Hammerspace has identified several key pain points:
- Data
Issues:
Organizations face challenges with data that is siloed in disparate locations,
difficulties in assembling large data sets, and data governance challenges.
These issues hinder the effective utilization of data for AI projects.
- GPUs
Not Close to Data: A
significant barrier to AI success is the lack of proximity between GPUs
(Graphical Processing Units) and data. This means that 49% of companies expect
to run AI projects both in-cloud and on-premises by 2025, indicating the need
for efficient data movement to where the GPUs are located.

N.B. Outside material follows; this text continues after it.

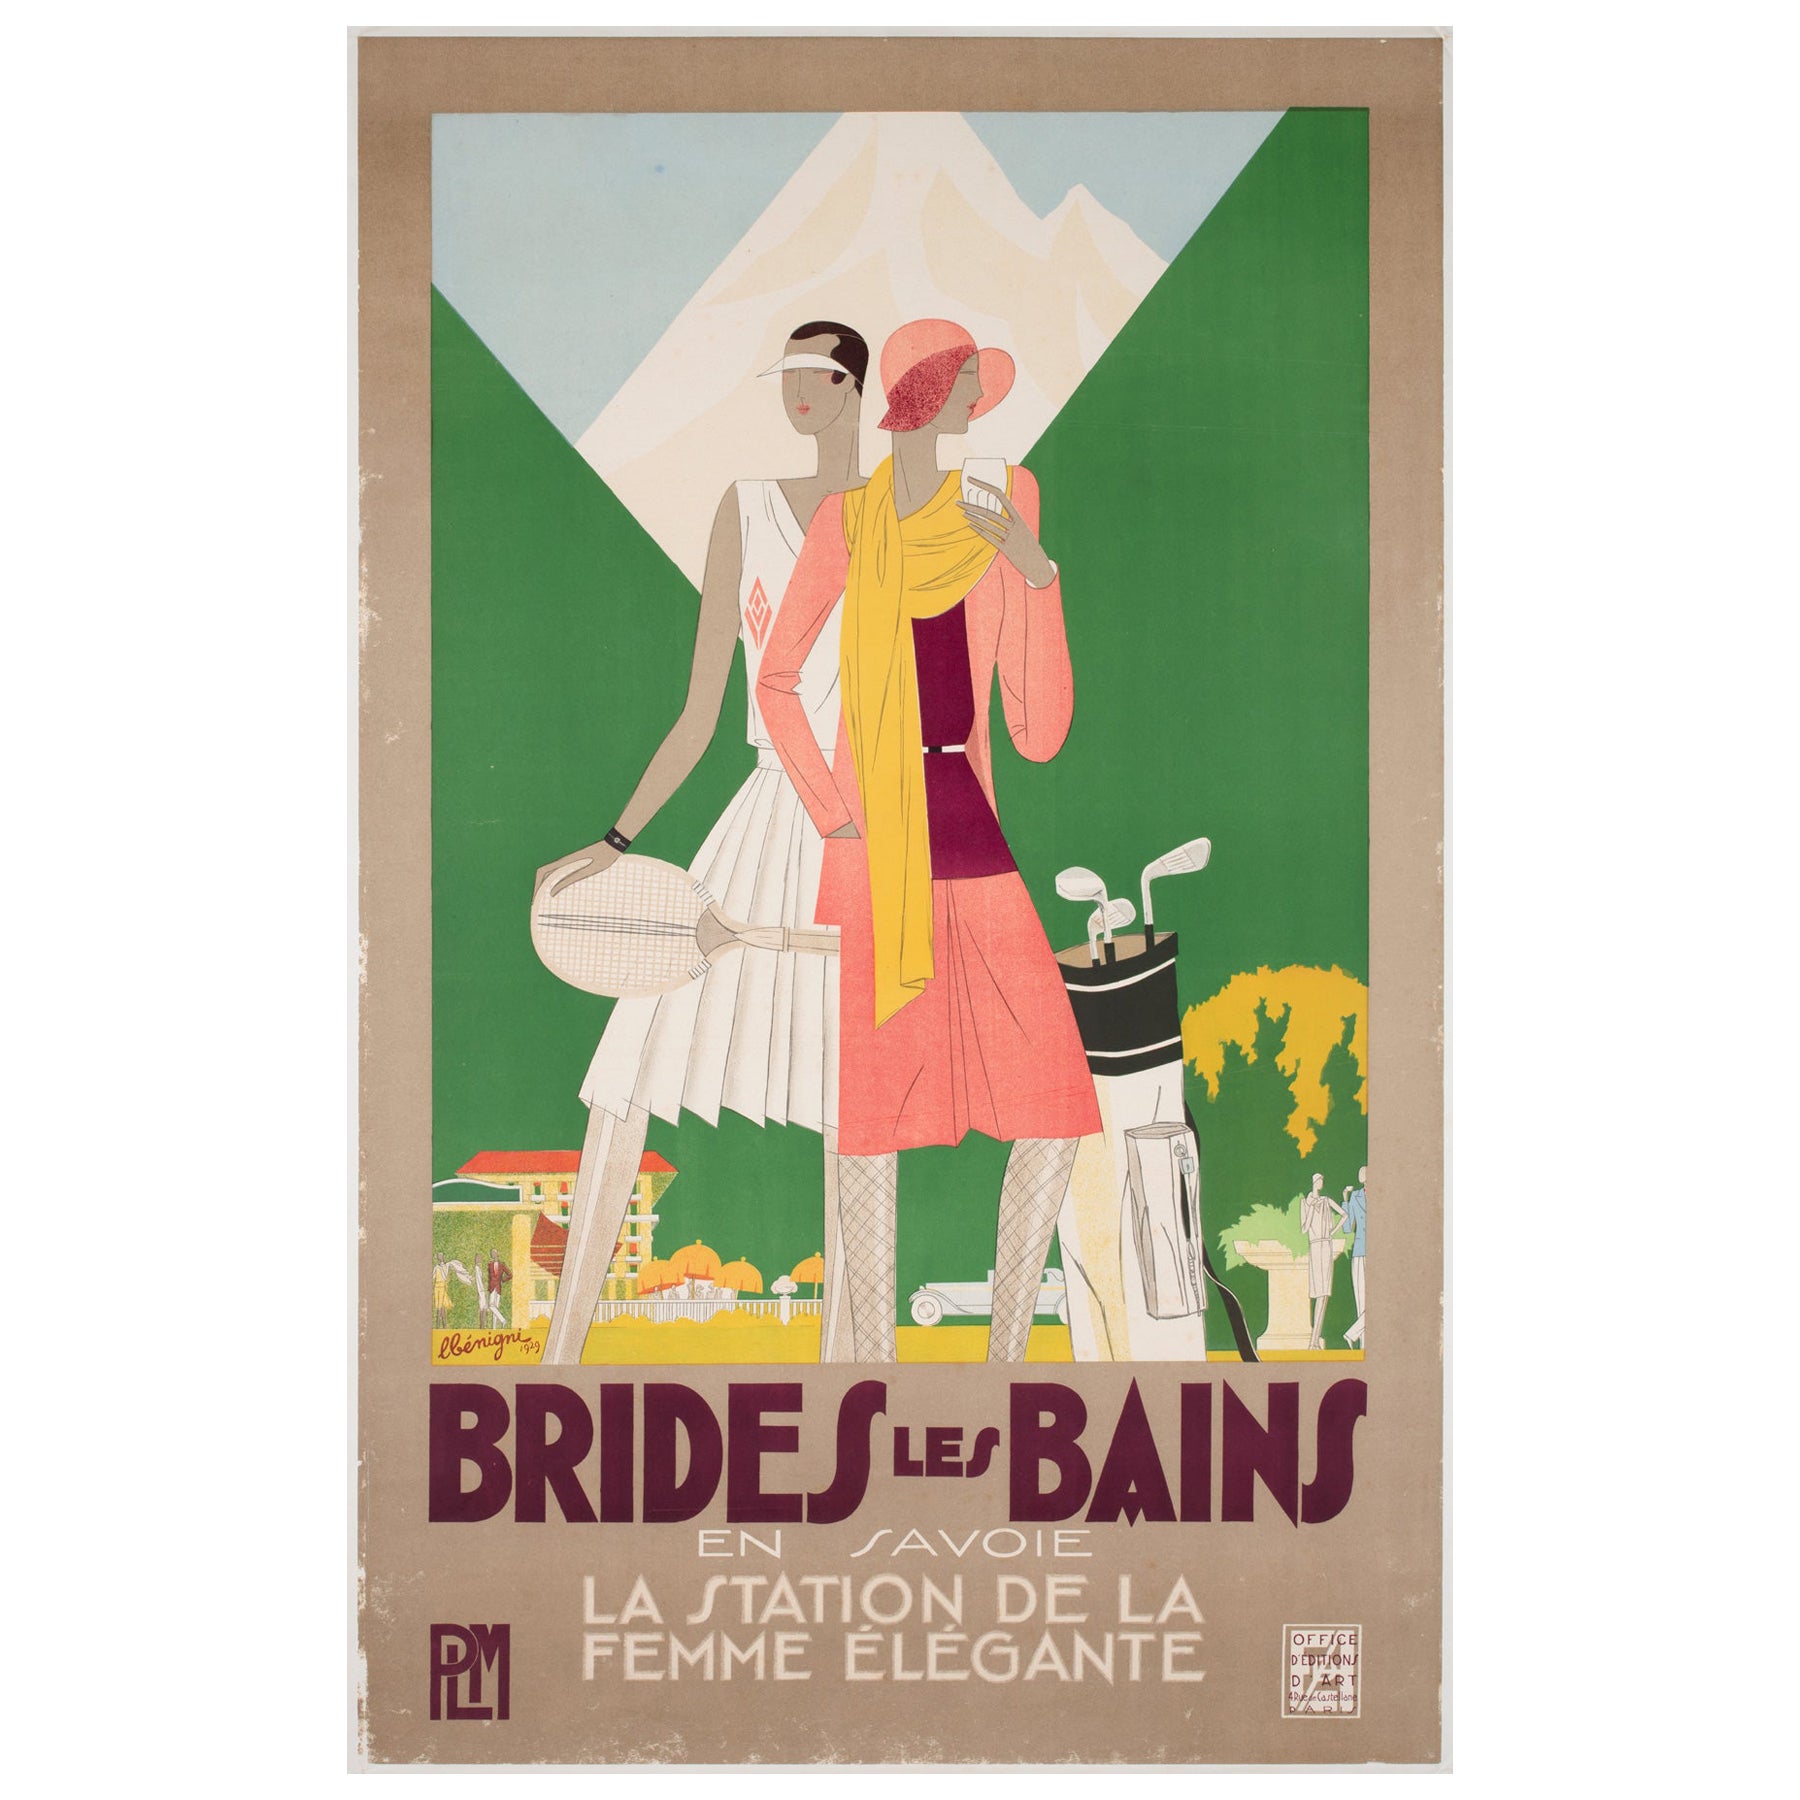 Brides les Bains 1929 French Railway Travel Advertising Poster, Leon Benigni

- Poor Tech Infrastructure: Existing file and object
storage systems lack the performance required to feed GPUs. This limitation in
tech infrastructure hampers the ability to efficiently process and analyze data
for AI projects.
The Hammerspace Global Data Platform
At the core of Hammerspace's offering is its Global Data
Platform. The platform provides
a unified solution for managing and accessing data across multiple locations,
including edge, core, and cloud environments. With a single namespace and a
global parallel file system, organizations can achieve data consistency and
accessibility, regardless of where the data resides. This global data platform
eliminates data silos and enables seamless data movement and collaboration.
David Flynn explained the platform's unique approach:
"This is about introducing a level of indirection - metadata separate from
data, introducing the card catalog, and putting the card catalog in charge of
how the books are actually laid out on the shelf."
The platform provides a number of key elements:
- Hyperscale
NAS Architecture:
At the core of Hammerspace is its hyperscale NAS architecture. This
architecture combines the scalability and performance of a parallel file system
with the simplicity of a NAS system. It ensures extreme parallel performance to
feed GPUs, enabling efficient data processing and analysis. Additionally, it
facilitates the movement of data to GPU resources, optimizing AI workloads.
- Data-in-Place
Assimilation:
Hammerspace introduces a unique approach called data-in-place assimilation.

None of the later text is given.